Sometimes I remember to really look out of my car windows and see the world as something new. Even though I’ve seen the same things time after time, the truth is, it’s always just a little bit different. And when I give myself permission to really notice, it’s almost always just a little bit miraculous.

Like today, when I looked out of my windshield and noticed just how crazy vivid green the world is around me right now. Growing up in California, summer was the brown time of year, the time when the land dried up and all the trees and grass turned “golden.” (It was totally brown. We just felt better saying “golden.”) But here on the east coast, the summer is lush with overgrown greenery everywhere I look. And looking just a bit closer, I see a few colorful leaves getting ready to fall off the branches. Everyday the world is just a little bit different and a little bit miraculous.

At a retreat I attended last year, our facilitator taught us to use “owl eyes” and “eagle eyes.” Eagle eyes, he explained, is focusing on a singular point, something so specific, we can see every detail, and the rest of the world will fade away. Owl eyes, on the other hand, is seeing everything in front of you all at once. He helped us find our owl eyes by wiggling our fingers in our periphery and extending them out to the absolute farthest point that you could still see them. It was quite a bit farther out than I realized my vision went.

The magic of this eagle-eye/owl-eye activity came when he asked us to pay attention to our thoughts in each of these moments and how they varied. Give it a try right now. Seriously, take a minute and give it a try. Like this:

1. Find one tiny thing to focus on, like a leaf on a tree, a crack in the sidewalk, or a shingle on a roof.

2. Try to find even more detail. Focus as closely as you can.

3. Then, try to widen your view. Hold your hands up on either side of your face, palms out and fingers up. Wiggle your fingers.

4. Slowly move your hands backward until they’re on the edge of your peripheral vision.

5. Notice how expansive your vision is in “owl eye.”

6. Switch back and forth between eagle eye and owl eye. Notice how you feel with each. Notice how you think with each. What else do you notice?

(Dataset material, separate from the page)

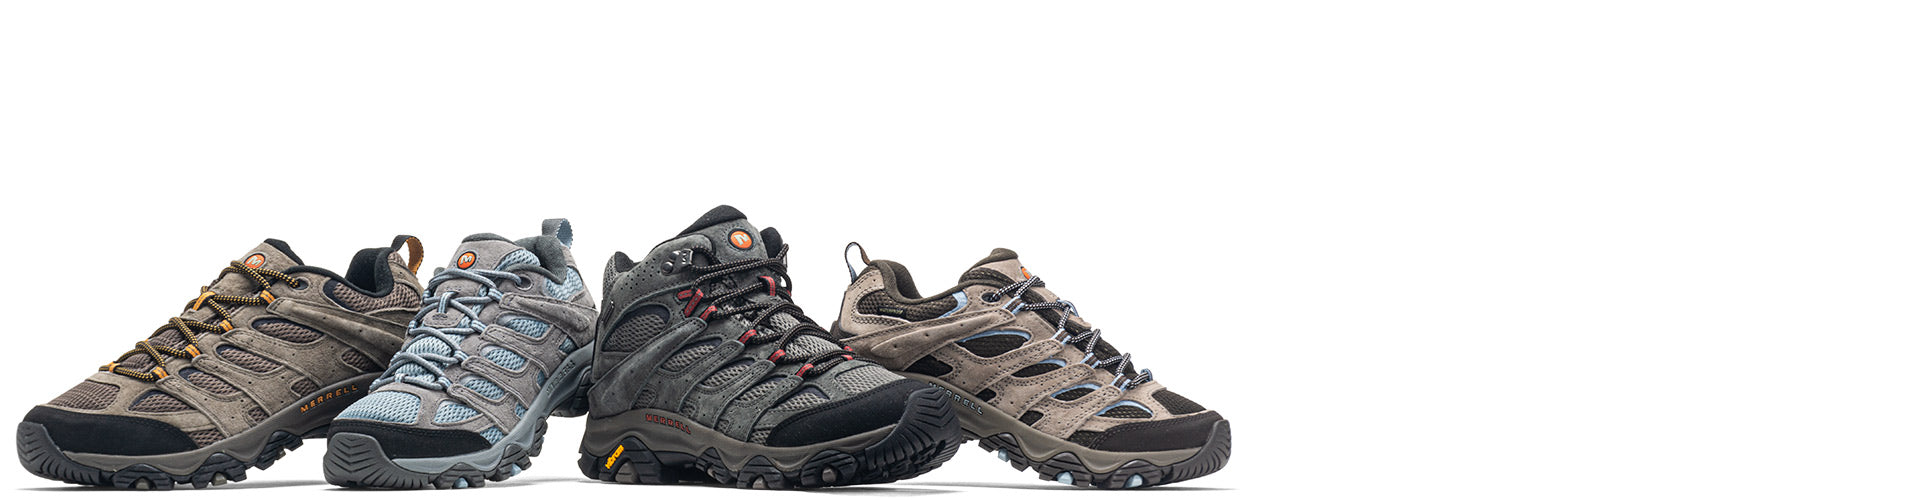 merrell moab 3 hiking shoes low, mid and waterproof versions on white background
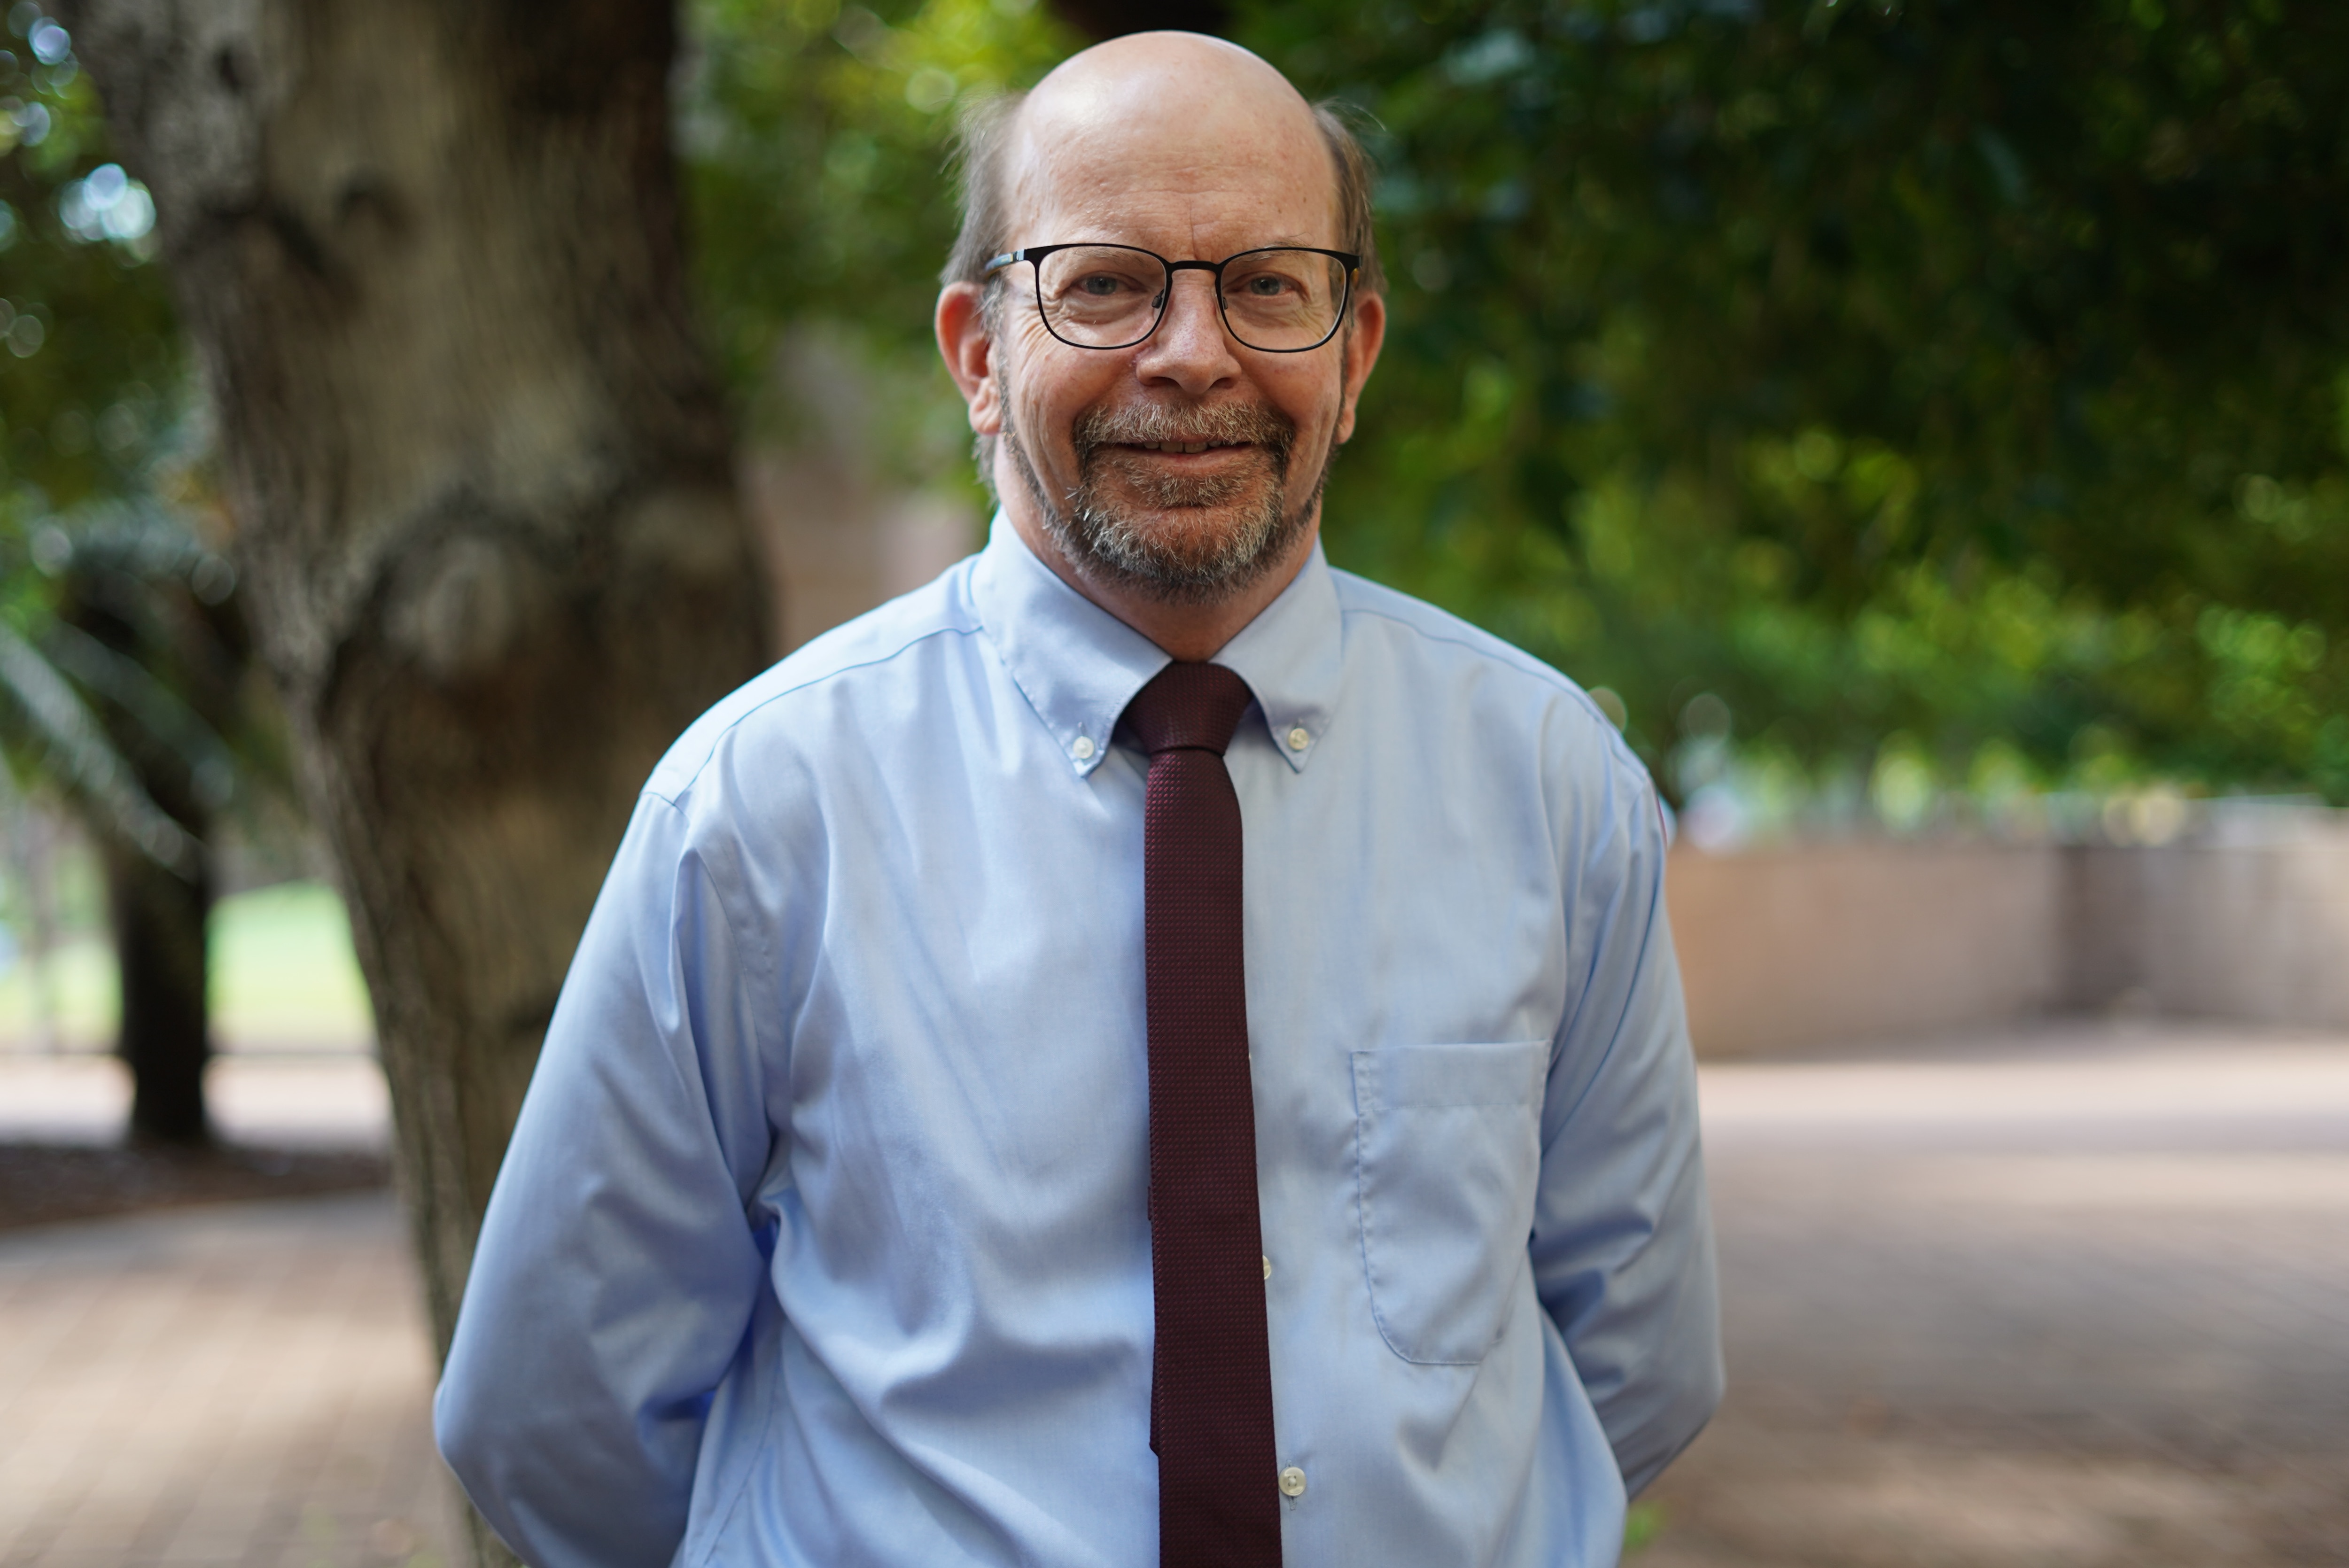 Charles Darwin University Vice Chancellor Simon Maddocks said the university is leading the nation by becoming the first to welcome back international students.

My thoughts, I found, mimicked my sight. In eagle eye, I thought in words and structure. In owl eye I thought in images and noticings, no words. Our thoughts match our vision. Or maybe, our vision matches our thoughts. Hmmm…

I’ve tried it since then and it continues to be true. The owl eye is especially challenging for me, a person of words and numbers, who processes thoughts through writing and understands the world in calculations and essays. Owl eye forces me to use a completely different part of my brain. It overwhelms me. I can only maintain it for a few seconds. My mind takes me back to words and numbers and then my vision snaps back to rapid eagle eye focus on the million individual things in front of me.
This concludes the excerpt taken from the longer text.